Immunoglobulin‐free light chain monomer‐dimer patterns help to distinguish malignant from premalignant monoclonal gammopathies: A pilot study

• Published in: American journal of hematology Vol. 89; no. 9; pp. 882 - 888
• Main Authors: Kaplan, Batia, Golderman, Sizilia, Aizenbud, Boris, Esev, Konstantin, Kukuy, Olga, Leiba, Merav, Livneh, Avi, Ben‐Zvi, Ilan
• Format: Journal Article
• Language: English
• Published: United States Wiley Subscription Services, Inc 01.09.2014
• Subjects: Amyloidosis - blood; Amyloidosis - diagnosis; Blotting, Western; Case-Control Studies; Diagnosis, Differential; Hematology; Humans; Immunoglobulin Light Chains - blood; Monoclonal Gammopathy of Undetermined Significance - blood; Monoclonal Gammopathy of Undetermined Significance - diagnosis; Multiple Myeloma - blood; Multiple Myeloma - diagnosis; Pilot Projects; Protein Multimerization; Sensitivity and Specificity
• ISSN: 0361-8609; 1096-8652; 1096-8652
• DOI: 10.1002/ajh.23773

Multiple myeloma (MM) and AL amyloidosis (AL) are two malignant forms of monoclonal gammopathies. For the purposes of prognosis and treatment, it is important to distinguish these diseases from the premalignant forms of monoclonal gammopathies, such as monoclonal gammopathy of unknown significance (MGUS) and smoldering myeloma (SMM). Routine serum/urine tests for monoclonal protein are insufficient for differential diagnosis. Thus, invasive procedures, such as tissue aspiration or biopsy, are applied. In this study, we aimed at characterization of serum‐free light chain (FLC) monomer‐dimer patterns to distinguish the malignant from the premalignant forms of monoclonal gammopathies.
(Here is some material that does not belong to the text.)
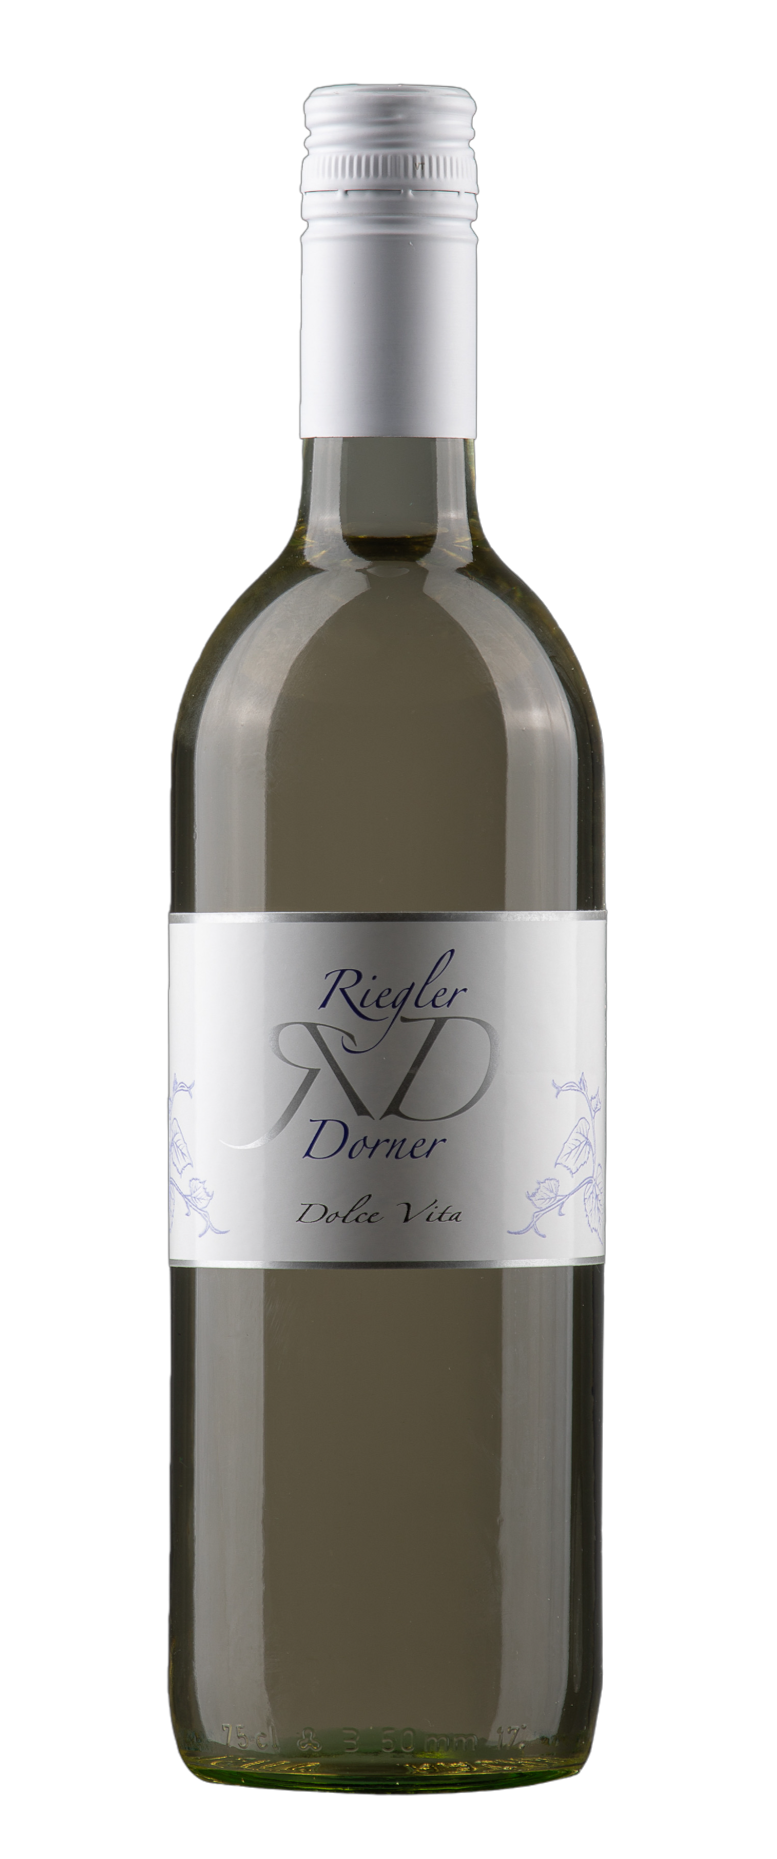 Weinbau Riegler-Dorner Produkt-Beispiele Dolce Vita

A quantitative Western blotting was applied to estimate the FLC monomer and dimer levels in AL, MM, MGUS, and SMM patients, and in control subjects (healthy individuals and patients with AA amyloidosis). AL and MM patients displayed an abnormally increased dimerization of monoclonal FLC, accompanied by higher clonality values of FLC dimers, as compared to that of monomers. These abnormalities of FLC patterns were not observed in patients with MGUS, SMM, AA amyloidosis, and healthy individuals. Analysis of FLC patterns helped to differentiate AL and MM from MGUS and SMM, a goal difficult to achieve using routine serum tests. Also, our technique might serve as a complimentary diagnostic tool in the cases with suspected AL amyloidosis, where the diagnosis of MM is excluded, while the results of amyloid typing by routine immunohistochemical techniques are inconclusive. Am. J. Hematol. 89:882–888, 2014. © 2014 Wiley Periodicals, Inc.